Сейчас есть еще паллиативное отделение НПЦ в Солнцево, но к сожалению, там многих детей забирают в реанимацию.

— Почему реанимация — это плохо?

— Паллиативная помощь не продлевает и не укорачивает жизнь, а просто помога­ет ребенку справиться с тем, что с ним происходит. А реанимация — это всегда продление жизни. Ребенка там подключают к аппарату искусственной венти­ляции легких, в трахеостому вставляют трубку, руки привязывают, подключают к нему кучу датчиков — и все, вот он так лежит, пока у него сердце не остановится. И родителей к нему не пускают. Жизнью это назвать довольно сложно. Хоспис как раз направлен на то, чтобы ребенку в его последние дни жизни было весело и ин­тересно, не больно. Или хотя бы, если он находится в коме, чтобы мама его могла рядом сидеть и с ним разговаривать.

— Если в НПЦ есть паллиативное отделение, то там есть обезболивающие типа морфина, зачем они тогда отправляют детей в реанимацию?

— Они отправляют тех, кто плохо дышит, задыхается. Это вообще очень страшно смотреть, когда ребенок задыхается. Но профессионалы должны с этим справляться. Можно давать лекарства, можно кислородные концентраты — это такая маска. Ну страшно, да. Но ничего не поделаешь. Можно, конечно, в реанимацию его сдать и дверь закрыть.

— А как вы к эвтаназии относитесь?

— Раньше относилась крайне негативно. Но после того как мой близкий человек умер в совершенно страшных муках, находясь в хосписе и имея там все возможности — и все равно в диких болях, я бы хотела, чтобы в России была легализована эвтаназия, но чтобы решение мог принимать только сам пациент.

— Вы говорите вещи, прямо противоположные позиции церкви.

— Позиция церкви в том, что страда­ния для человека очень важны. Я с этим согласна, но такие вещи можно говорить только в отношении себя. А говорить, что страдания важны для других — я тут сижу в кафе, пью чай, а они пускай умирают в муках от онкологического заболевания, потому что страдания важны для их ду­ши, — невозможно. Я думаю, что эвтаназия должна быть легализована и церковь должна быть против этого.

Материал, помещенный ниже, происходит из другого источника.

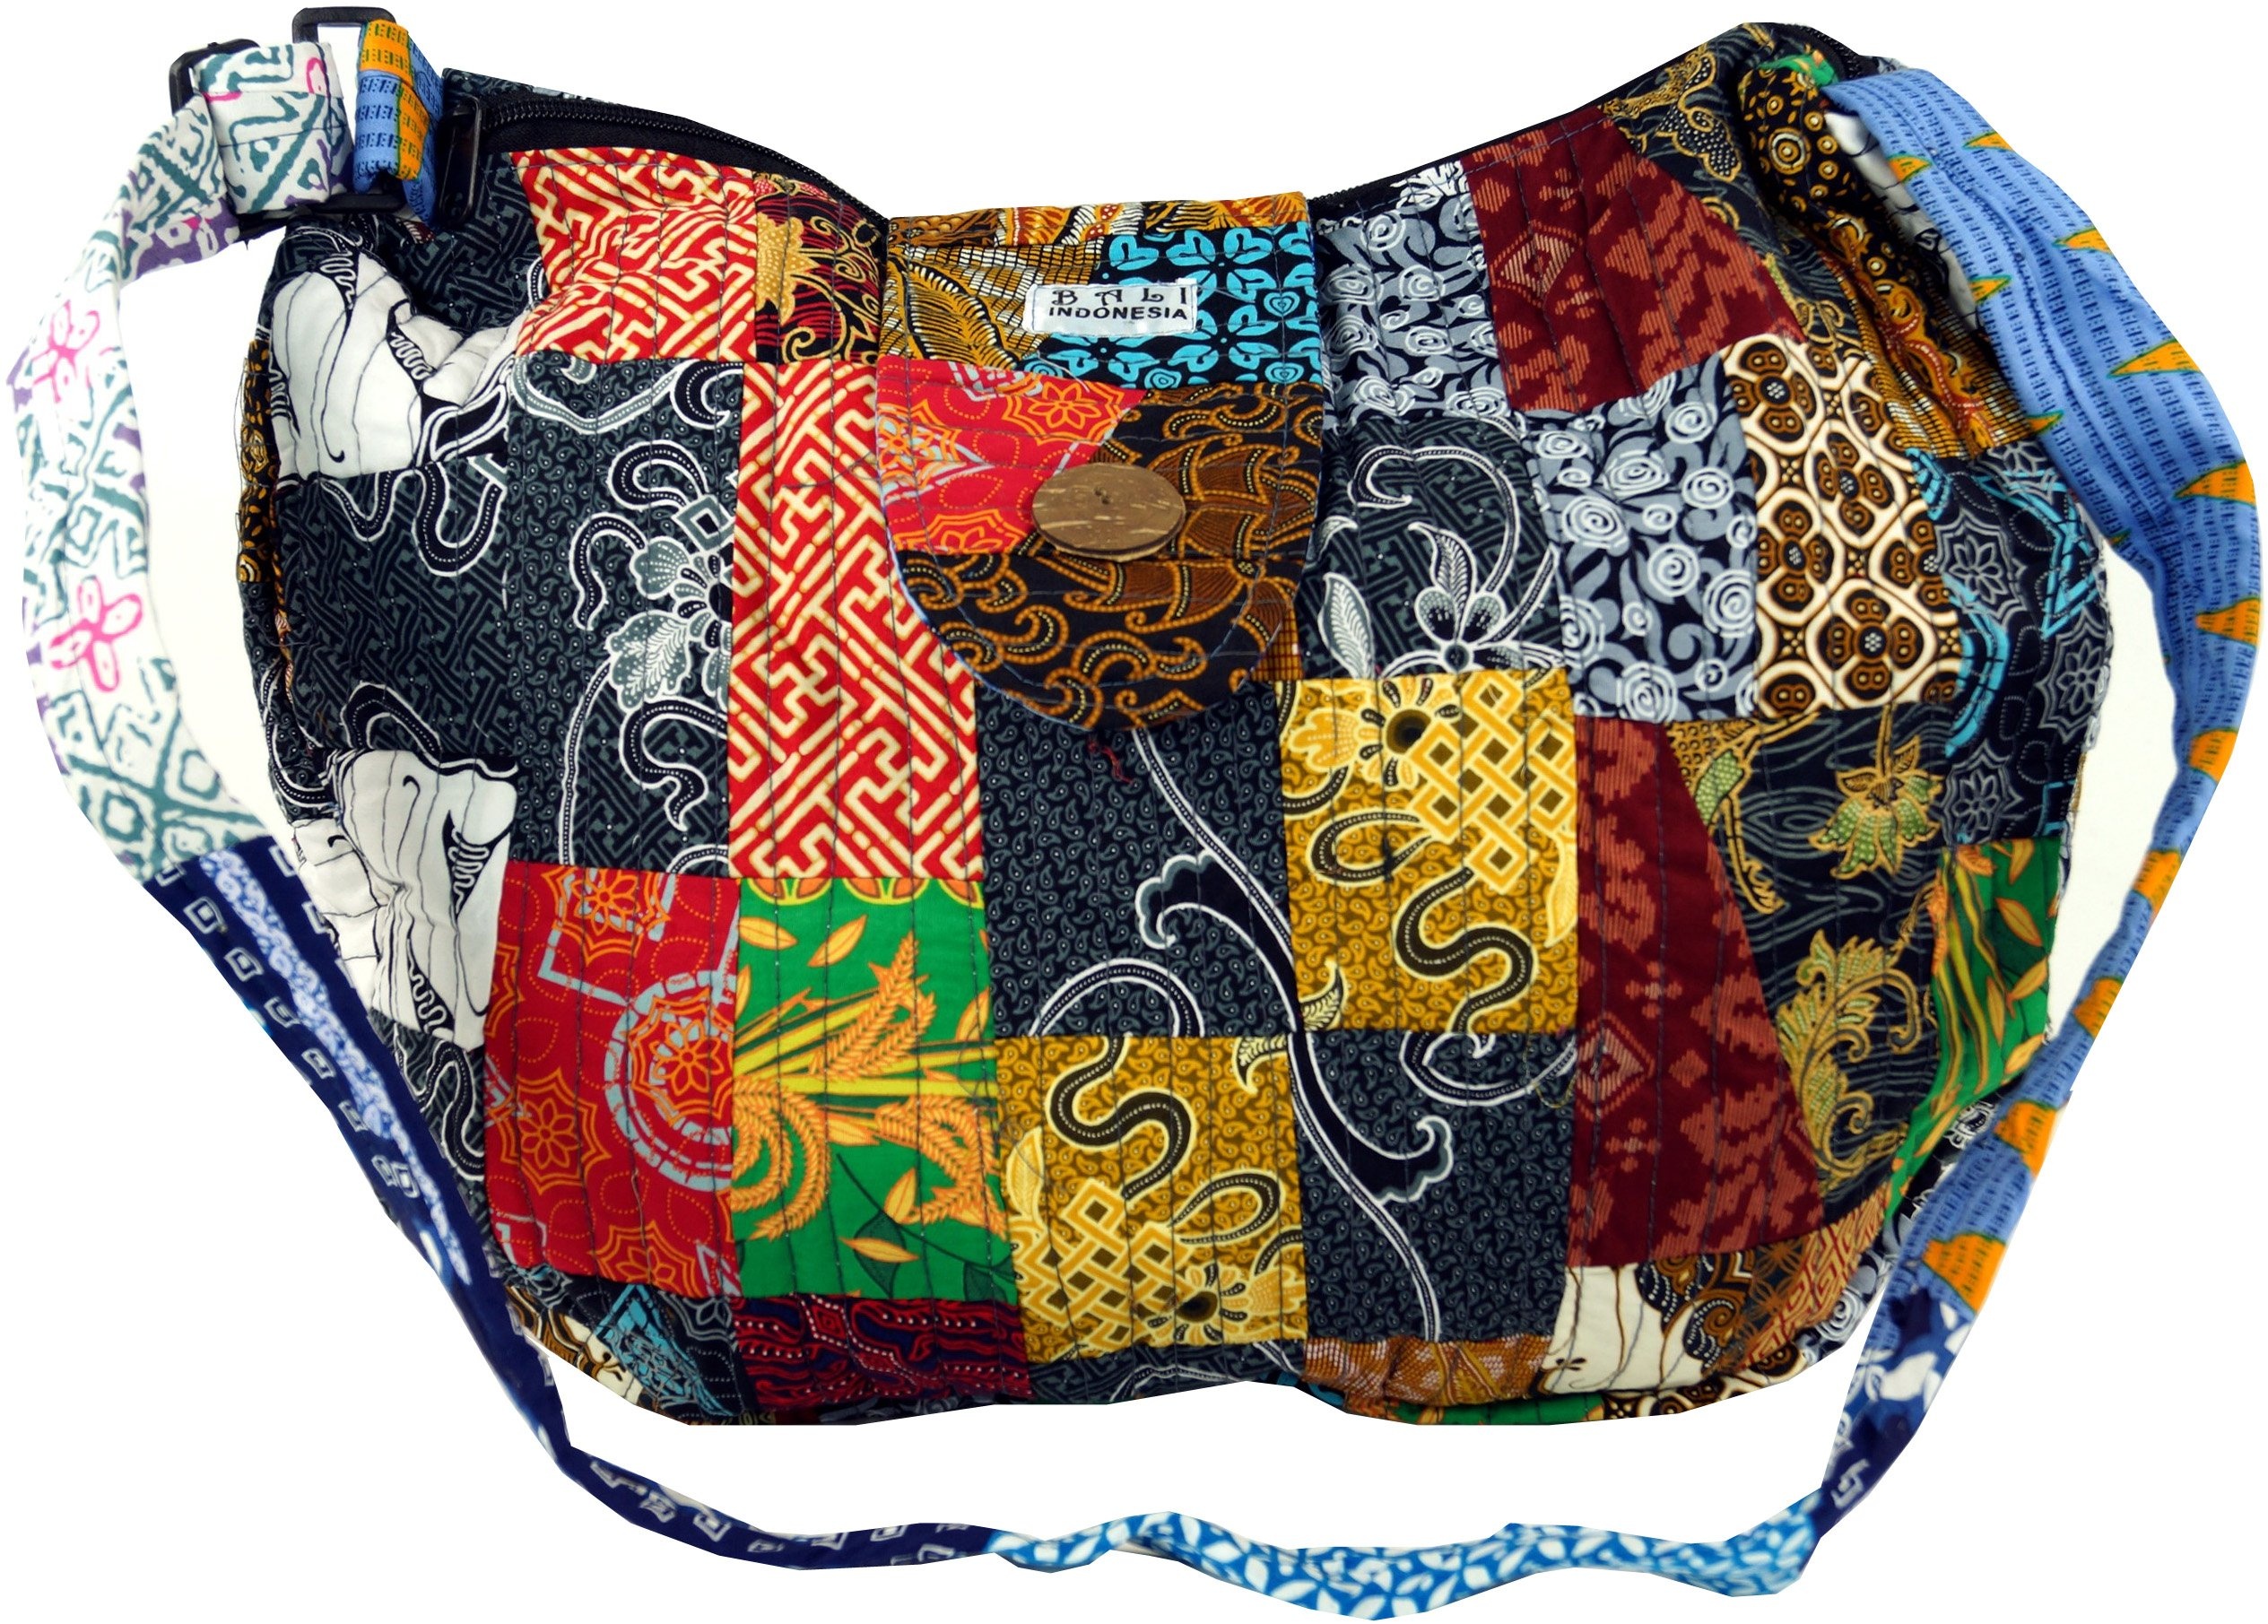 GURU SHOP Patchworktasche Bali, Herren/Damen, Mehrfarbig, Baumwolle, Size:One Size, 35x40x7 cm, Alternative Umhängetasche, Handtasche aus Stoff - Einheitsgröße

— Вы бывали в заграничных клиниках, чем, на ваш взгляд, отличается российское здравоохранение от западного, кроме объема госфинансирования?

— Отношением к пациентам. В России в больницу попадает не пациент, а диагноз. Врачи так и говорят: «Пришла нейробластома», и они концентрируются на том, как вылечить нейробластому, а не пациента. Они не думают, что, мо­жет быть, для этого конкретного ребенка лучше не трансплантацию костного моз­га делать, а отпустить домой. Он умрет, но не будет все эти муки трансплантации переживать. Кроме того, у нас пациент не обладает никакой информацией о том, что с ним происходит. Ему рассказывают в больнице, чем он болеет, но часто не рас­сказывают о рисках, что, например, 50% детей с таким диагнозом умирает. Очень редко ребенку такое говорится. Если мама просит, могут вообще диагноз ему не сказать. За границей такое невозможно: все разговоры между врачом и мамой проходят только в присутствии ребенка. А у нас ребенок сидит на лавочке, подслушивает, что там в кабинете происходит. А потом мама ему в сильно смягченной, а иногда и ложной форме пересказывает.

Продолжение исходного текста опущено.